The Table 1 summarizes the number of nodes and edges of each of these communication networks, as well as the average number of interactions per actor (I/A), equivalent to the nbi parameter of our simulation. For all networks but NND, we provide two values for each metric. As we have seen in the validation of the SSI metric, the value of the metric can change according to the quantity of data that we consider. In real datasets, we do not have an infinite quantity of data, so we cannot always reach a point of stabilization of the value. In particular, in NND, the total number of interactions per user is less than 14, the lowest value of all datasets. To take this limitation into account in our comparison, for all the other datasets, we propose two values: first, the value when we first reach a communication per user of 14, secondly, the value when considering all available information. We can note that, although there are modifications in the values, there is no radical change. In particular, datasets having low values compared to others keep low values, and similarly for high values. We also observe that in a few occurrences, the value decreases when considering more data. We have to stress that these being real datasets, the behaviors of users might change during the observed dataset. Both ENRON and Twitter datasets have been collected in the time of crisis, for instance, during which the behavior of users can change (Remy et al. 2013).

3.8.2 Interpretation of results

The values of social structure impact vary from network to network, but is always above 0.25, which means that at least 25 % of the concentration of interactions cannot be explained by a model of random interactions.

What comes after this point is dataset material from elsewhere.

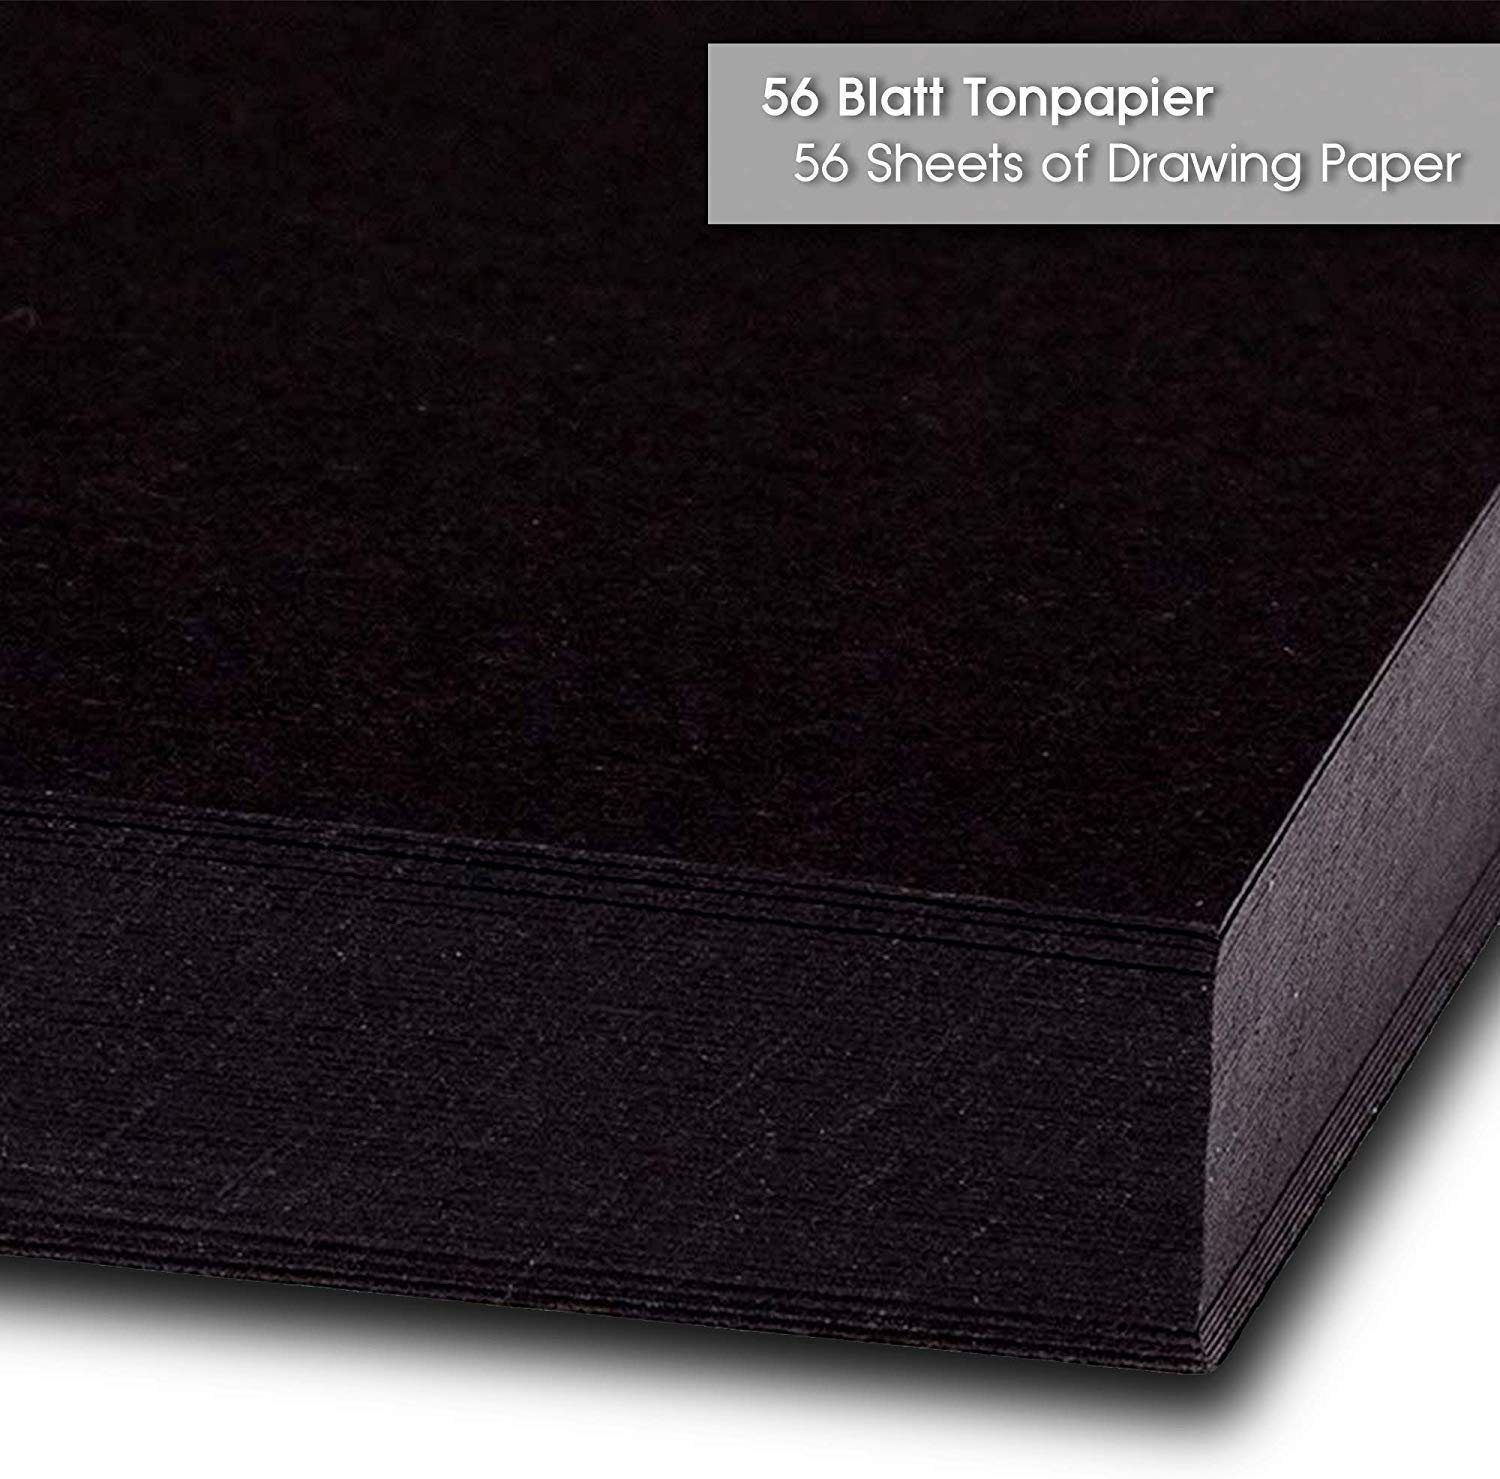 Tritart Blatt A3 Tonpapier Aquarellpapier Schwarzes 130g/m², 56

The TwitterNOTRT network has the highest value, while the TwitterRT network has the lowest. We can propose an intuitive explanation for this observation: in the case of retweets, people are likely to retweet an information because they consider it interesting, more than because they have a particular social relationship with the author. The social relationship, such as being a follower, favor the chances to have retweets, but people are free to retweet any tweet of someone they do not know, generating random-like interactions. On the contrary, users will tend to make direct mentions of people only if they have some sort of social bond with them, as a mention is a way to directly reach the mentioned user.

For the Reciprocity Impact, we can divide the studied networks in two categories: on the one hand, NND, DBLP, and TwitterRT have low values. NND and TwitterRT in particular have values below 0.03, which means that more than 97 % of the reciprocity observed can be explained by a random model. On the other hand, TwitterNOTRT and the ENRON datasets have much higher values. We can therefore make a distinction between the networks with high reciprocity and the others.

For the Concentration Impact, we can make a similar distinction between, on the one hand, NND and TwitterRT, which have a high value (around 30 %) and the three others that have smaller ones. Observing a high value of concentration for the retweets is not surprising, as it is known that a minority of users attracts a large fraction of all retweets. Low scores for the TwitterNOTRT and ENRON datasets are not surprising either, as they correspond to interactions that are more interpersonal, with less possibilities of aggregation.

From these observations, we can propose to classify these interaction networks into three categories:
  • ENRON and TwitterNOTRT have a high SSI, high RI, and low CI. These profiles correspond to interpersonal communications, on which users tend to communicate much with other users they know, in an interactive manner.

  • TwitterRT and NND have a lower—but still high—SSI, a low RI, and a high CI. These profiles correspond to diffusion networks: most of the communications do not take place between “equals”, but, rather, a small proportion of users attract most of the interactions, and do not reciprocate these interactions.

  • DBLP has a different profile, with an SSI similar to the diffusion networks, a low RI and a low CI. The interactions are far from being random, but this is due neither to the major role of a few key users, nor to the strong influence of interpersonal communications. Although we do not investigate this case more in depth in this article, we can propose as an explanation that the bias in interactions observed is rather a “field” bias, i.e., most of the repeated interactions between users can be explained by the fact that authors work on the same topics, on the same scientific questions, and are therefore more likely to cite each other, even though this corresponds neither to interpersonal communications nor to the attraction of a few.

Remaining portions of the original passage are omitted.